"King's Ransom" is one of those movies you suspect was built from the title up. Somewhere in a pitch meeting someone must have piped up: "I know. We'll have a guy named 'King' and he gets kidnapped, see? So there's a 'ransom'! 'King's Ransom,' get it? After that, I've got nothing."
Which is pretty much what this supposed comedy has going for it. Perennial sideman Anthony Anderson steps into a rare leading role but is left looking as if he's waiting for someone to show up with the real script.
Anderson plays Malcolm King, a marketing mogul on the brink of selling his company for $25 million just as his gold-digger wife, Renee (Kellita Smith), is divorcing him and seeking half of everything — including King Enterprises.
Unwilling to share his fortune and with a nudge from his bootyful half-wit mistress Peaches (Regina Hall), Malcolm hatches a harebrained kidnapping scheme. Meanwhile, Renee (fearing her infidelities will diminish her settlement), Angela (a disgruntled exec played by Nicole Parker) and a clueless loser named Corey (Jay Mohr) devise competing abduction plots of their own.
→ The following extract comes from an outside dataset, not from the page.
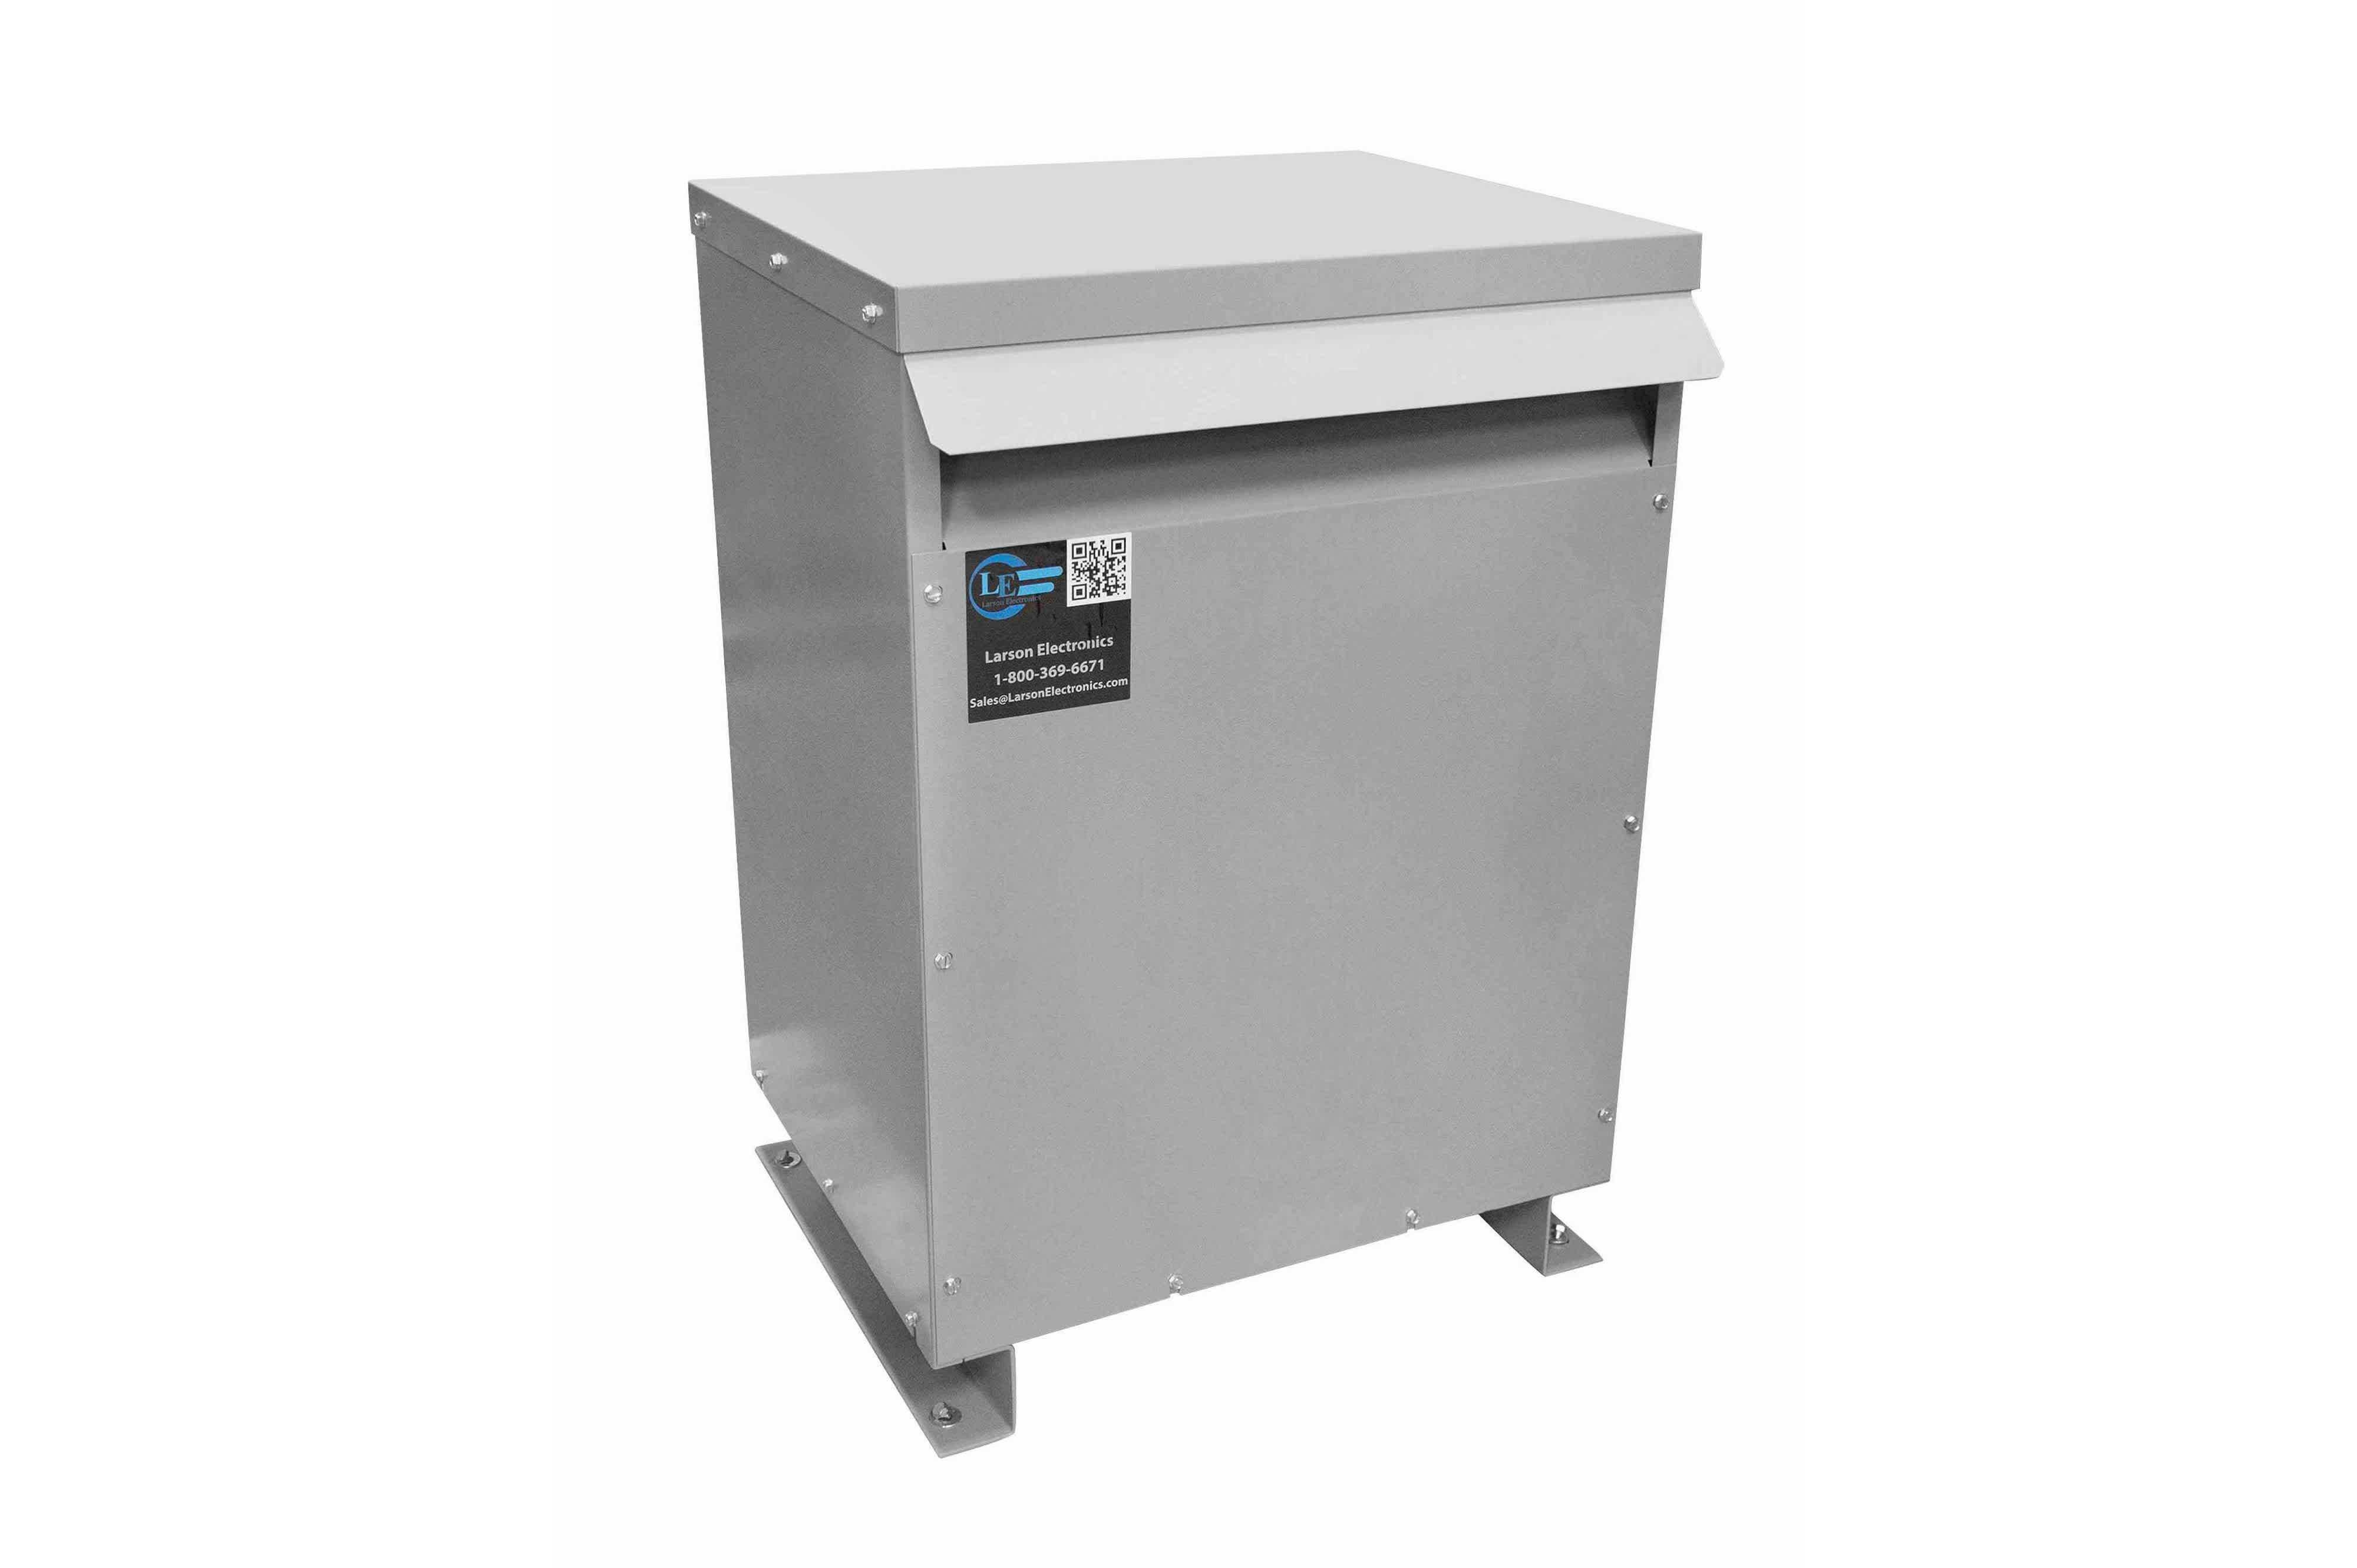 60 kVA 3PH Isolation Transformer, 460V Wye Primary, 380V Delta Secondary, N3R, Ventilated, 60 Hz
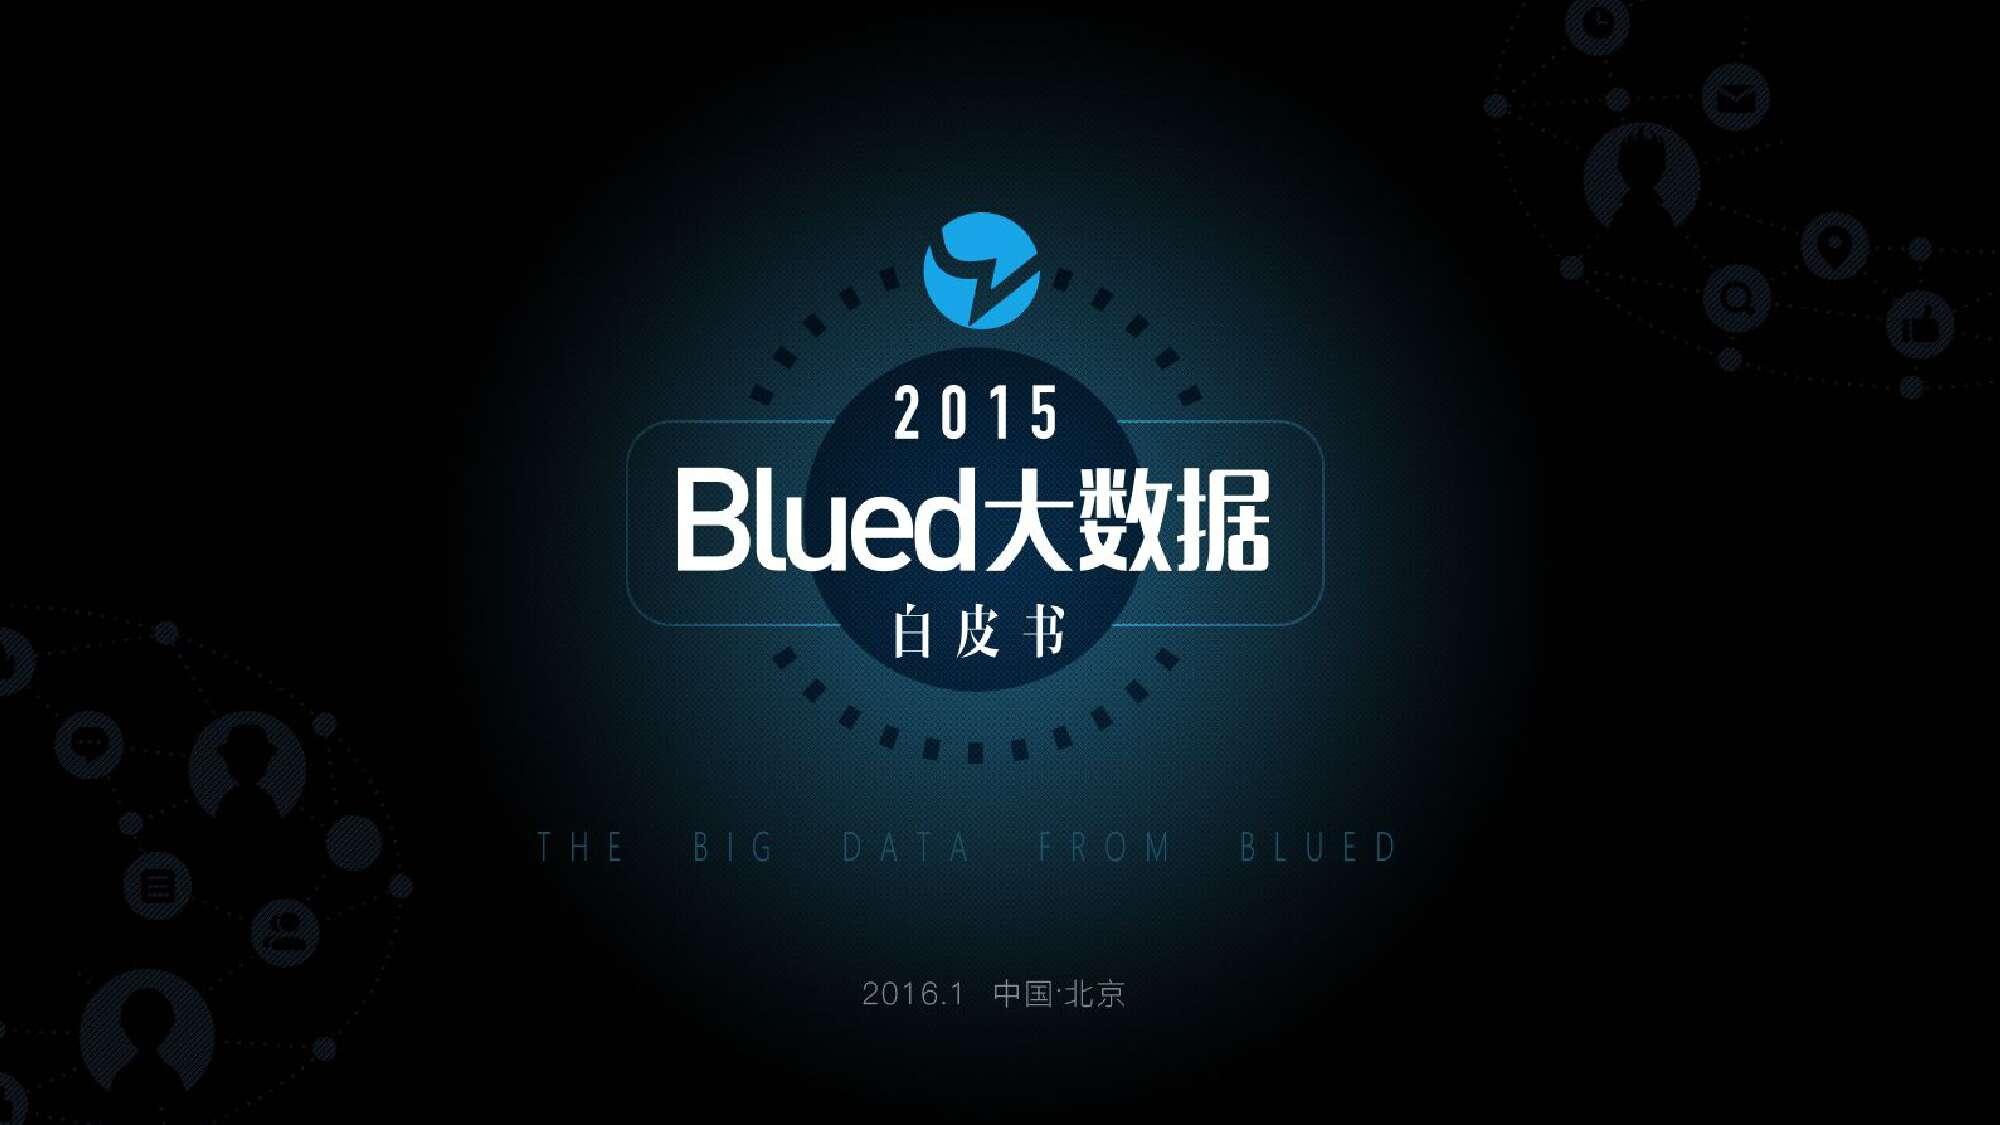 Blued2015中国同志社群大数据白皮书_000001

Due to a series of mix-ups, Charlie Murphy, as Peaches' down-low, ex-con brother, Herb — Peaches and Herb, get it? — winds up holding Malcolm's parking valet (Donald Faison) hostage at a swank hotel, while Malcolm is holed up with Corey in the ramshackle basement of his deaf and drunk grandma (Jackie Burroughs). From there, the movie plays out to its dissolute resolution.
Loretta Devine, as Malcolm's sassy executive assistant, is about the only member of the cast able to walk away from this dud with any dignity. It's no "Soul Plane," but the filmmakers do seem intent on finding equal-opportunity, offensive stereotypes for everyone. Directed by music video veteran Jeff Byrd (a Spike Lee protégé) from Wayne Conley's screenplay, "King's Ransom" is lifeless and laughless and certain to quickly make its way through the ancillary worlds of DVD, pay-per-view and premium cable.
MPAA rating: PG-13 for crude and sexual humor and language
Times guidelines: Crude and sexual, yes; humor, not so much.
A New Line Cinema presentation of a Catch 23 Alter Ego production. Director Jeff Byrd. Producer Darryl Taja. Executive producers Toby Emmerich, Matt Moore, J. David Brewington Jr., Mike Drake, Jeremy Barber. Screenplay by Wayne Conley. Cinematographer Robert McLachlan. Editor Jeff Cooper. Music Marcus Miller. Running time: 1 hour, 37 minutes.
In general release.
This Anthony Anderson vehicle has plenty of schemes, but too few laughs.